Dear Mrs Dalessandro, you may work more inc row (row 3 an 4) adjusting to the foot length - remember you can get any individual assistance from your DROPS store. Happy crocheting!

03.02.2015 - 09:41

country flag Paettrah wrote:

Hallo, kann es sein, dass die Beschreibung der Umschlagkante oben falsch ist? Ich finde auf dem Bild sieht es eher aus wie Reihen aus Stäbchen. Dafür spricht auch, dass der obere Teil des Schuhs (weiß/grau) das gleiche Muster auf weist..

28.01.2015 - 12:01

DROPS Design answered:

Die Anleitung ist richtig, der Rand wird quer mit festen M gehäkelt. Die festen M des Randes mögen etwas stäbchenähnlich erscheinen, weil sie in Hin- und Rück-R gehäkelt sind. Den Schuh häkeln Sie dann in eine der Längskanten des Randes, also im 90-Grad-Winkel zum Rand.

28.01.2015 - 13:30

country flag Kris wrote:

Where it says a total of 6 inches does that include the cuff also? so should the whole thing measure 6 inches or 6 inches after the add?

28.01.2015 - 04:10

DROPS Design answered:

Dear Kris, measure from the beg of the slipper part.
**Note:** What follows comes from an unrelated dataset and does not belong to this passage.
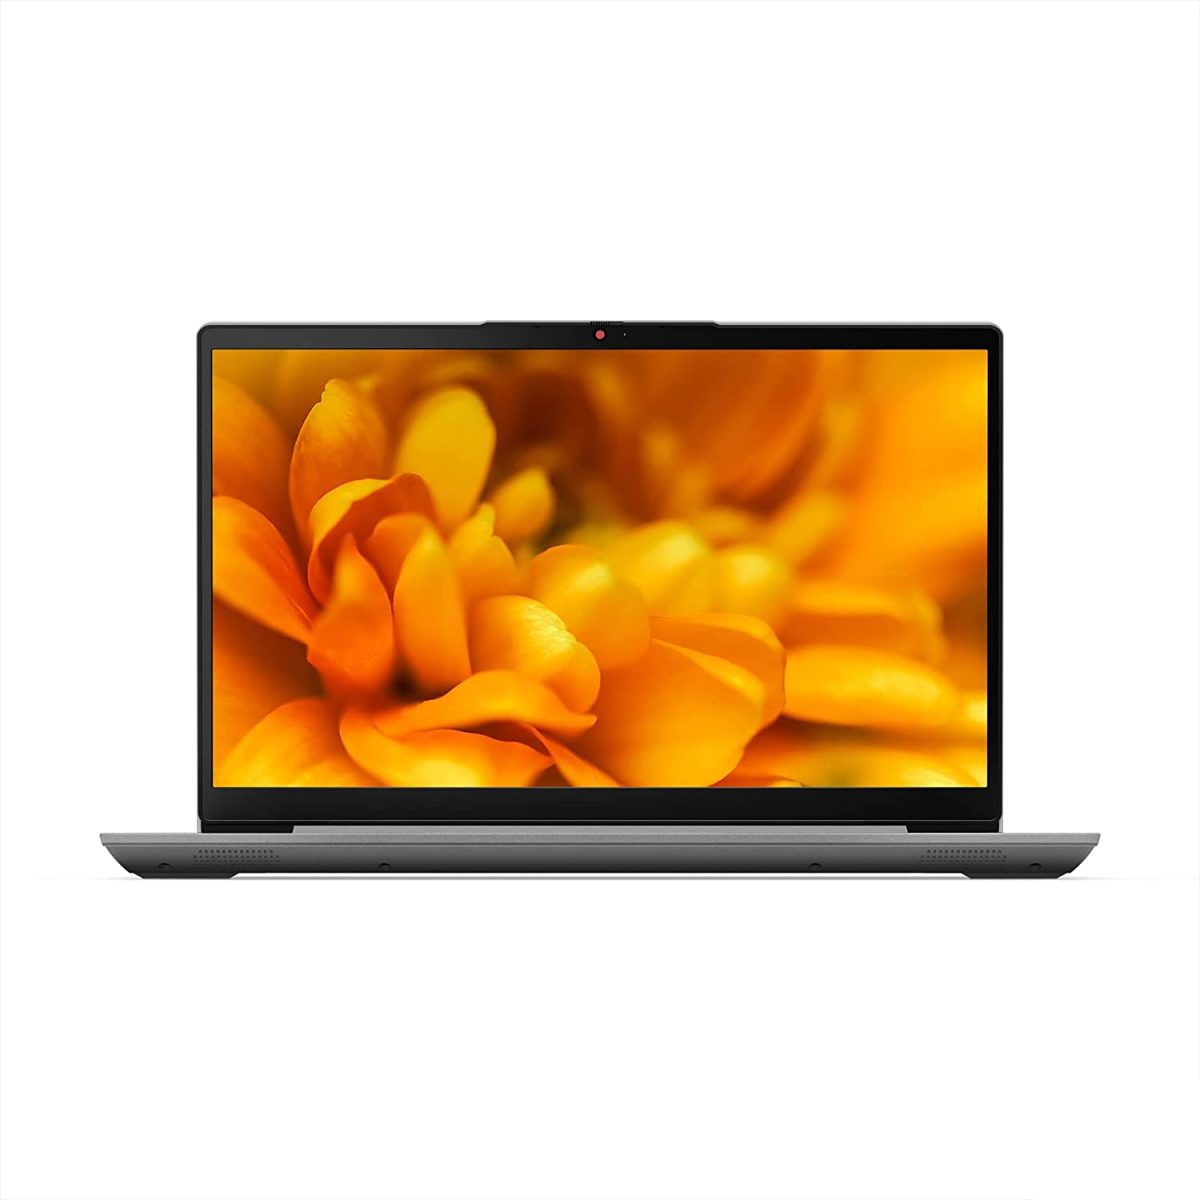 IdeaPad slim 3 | 4 GB RAM | 256 GB SSD | 3 years warranty| 15 Inch laptop in Nepal

Happy crocheting!

28.01.2015 - 11:25

country flag GROUX wrote:

Que veux dire , au crochet : " écouler 2 mailles ensemble " ? Je ne suis pas experte du crochet !! mais j'aime bien le modèle de chaussons.

31.12.2014 - 11:46

DROPS Design answered:

Bonjour Mme Groux, vous trouverez la technique dans les explications ainsi que dans la vidéo ci-dessous. Bon crochet!

31.12.2014 - 12:51

country flag Jolene Bailey wrote:

I noticed the instructions do not mention to chain 1 at the end of the row and turn. I want to make sure this step is not required.

20.12.2014 - 01:31

DROPS Design answered:

Dear Mrs Bailey, you usually always crochet ch to turn, pattern will be checked - thank you very much in advance for your patience.

22.12.2014 - 15:52

country flag Keira wrote:

What is the reason for switching to one strand of yarn for the bottom of the foot? Wouldn't I want extra cushion for the bottom?

10.12.2014 - 22:16

DROPS Design answered:

Dear Keira, if you keep 2 strands for the bottom of the foot you will have a different tension, you may adjust end of pattern if you rather like to continue with 2 strands to the end. Happy crocheting!

11.12.2014 - 10:03

country flag Diana wrote:

"Herhaal 3e en 4e toer tot het werk ongeveer 23-26-28 cm meet gemeten in lengte - meet het werk dubbelgevouwen. Ga verder met 1 draad donkergrijs Eskimo en MEET NU HET WERK VANAF HIER. " als ik het werk dubbelvouw en meet doe ik dit dan van punt naar de naad aan de achterkant of meet ik echt vanaf het begin van de voet 26cm? als ik kijk naar de wisseling dan meet ik langs de lengte van de voet van hiel naar teen

02.12.2014 - 11:10

DROPS Design answered:

Hoi Diana. Je meet de lengte van de voet, van hiel tot teen.

02.12.2014 - 15:34

country flag Tammy wrote:

Is there a "how to" video for these boots or just on how to do the stiches? Also can this yarn be bought in a store in the US? I'm a touchy feely person meaning I like to touch and see the yarn before I buy it.

24.11.2014 - 00:44

DROPS Design answered:

Dear Tammy, your request for such a video has been registered, thank you - for any help, tips & advice, remember you can directly contact your DROPS store even per mail or telephone. Happy crocheting!